Heaps is written on this weblog about “Poststratification”. Andrew addresses it formally with a “Mister“. However once I realized it from Alan Zaslavsky’s course it was casually simply “Poststratification”. On the time it sounded to me like injury management after we forgot to stratify.
- “Stratification” = divide the inhabitants into strata (i.e. teams) based mostly on some variables X. To not reinforce social hierarchies, however to intention for representativeness. If we stratify earlier than choosing the pattern, we will take a pattern in every stratum for representativeness.
- “Publish” = divide the inhabitants into strata solely after the pattern is already chosen.
Fancy graphics from a DOL video I labored on:
How can Poststratification assist ?
Suppose we need to estimate E[Y], the inhabitants imply. However we solely have Y within the survey pattern. For instance, suppose Y is voting Republican. We will use the pattern imply, ybar = Ehat[Y | sample] (I don’t know LaTeX on this weblog).
However our pattern imply is conditional on being sampled. And what if survey-takers are roughly Republican than the inhabitants ? As Joe Blitzstein teaches us: “Conditioning is the soul of statistics.” Conditioning on being sampled may bias our estimate. However possibly extra conditioning may also in some way assist us ?! Joe taught me to strive conditioning at any time when I get caught.

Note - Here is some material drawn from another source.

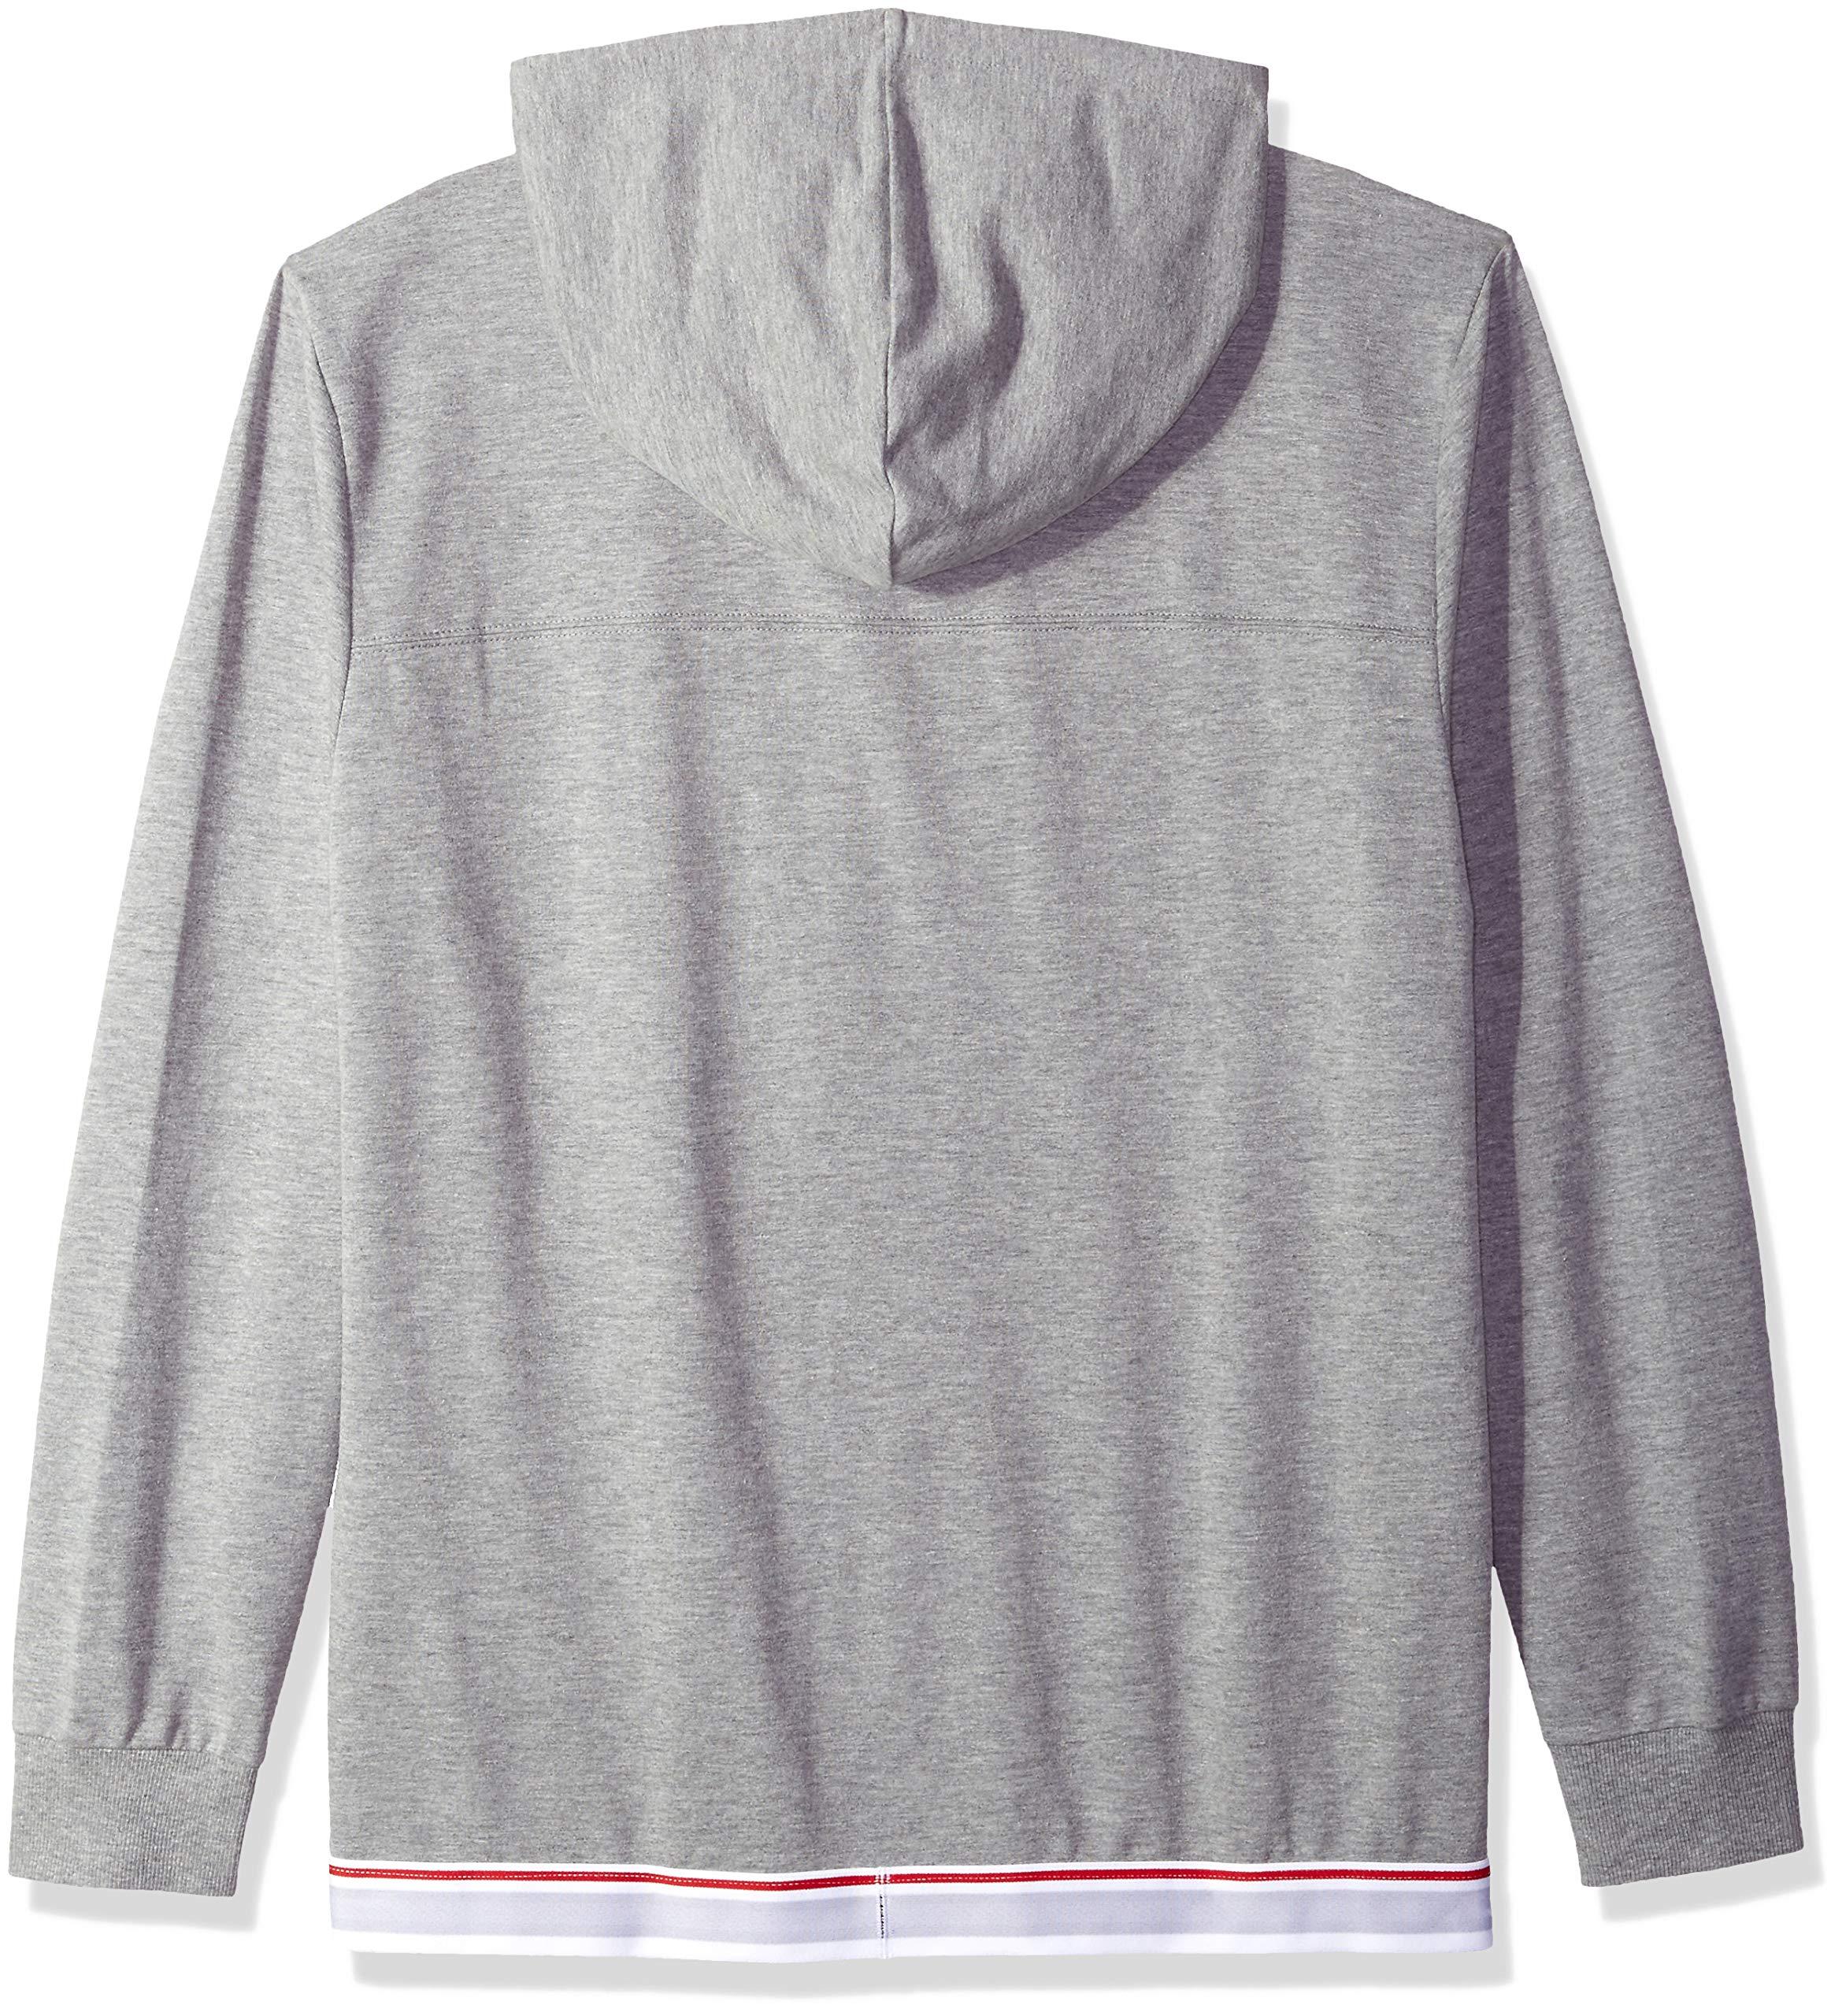 032845f91 Camisetas termicas para nios

If now we have inhabitants information on X, e.g. racial group, then we will estimate Republican vote share conditional on racial group E[Y|X] and combination in keeping with the recognized distribution of racial teams, invoking the regulation of complete expectation (Joe’s favourite): E[Y] = E[E[Y|X]]. So if our pattern has the mistaken distribution of racial teams, no less than we repair that with some calibration. Changing “E” with estimates “Ehat”, poststratification estimates E[Y] with E[Ehat[Y | X, sample]].
When our estimate of E[Y|X] is the pattern imply of Y for people with that X, the mixture estimate is classical poststratification, yhat_PS. When our estimate of E[Y|X] is predicated on a mannequin that regularizes throughout X, the mixture estimate is Multilevel Regression (“Mister“) and Poststratification, yhat_MRP. Gelman 2007 exhibits how yhat_MRP is a shrinkage of yhat_PS in direction of ybar.
Which estimate is greatest for estimating E[Y] ? ybar, yhat_PS, or yhat_MRP ?
As Kuh et al 2023 write:
it isn’t particular person predictions that must be good, however quite the aggregations of those particular person estimates.
A parallel strategy is thru simulation research—for larger realism, these can usually be constructed utilizing subsamples of precise surveys—in addition to theoretical research of the bias and variance of poststratified estimates with reasonable pattern sizes.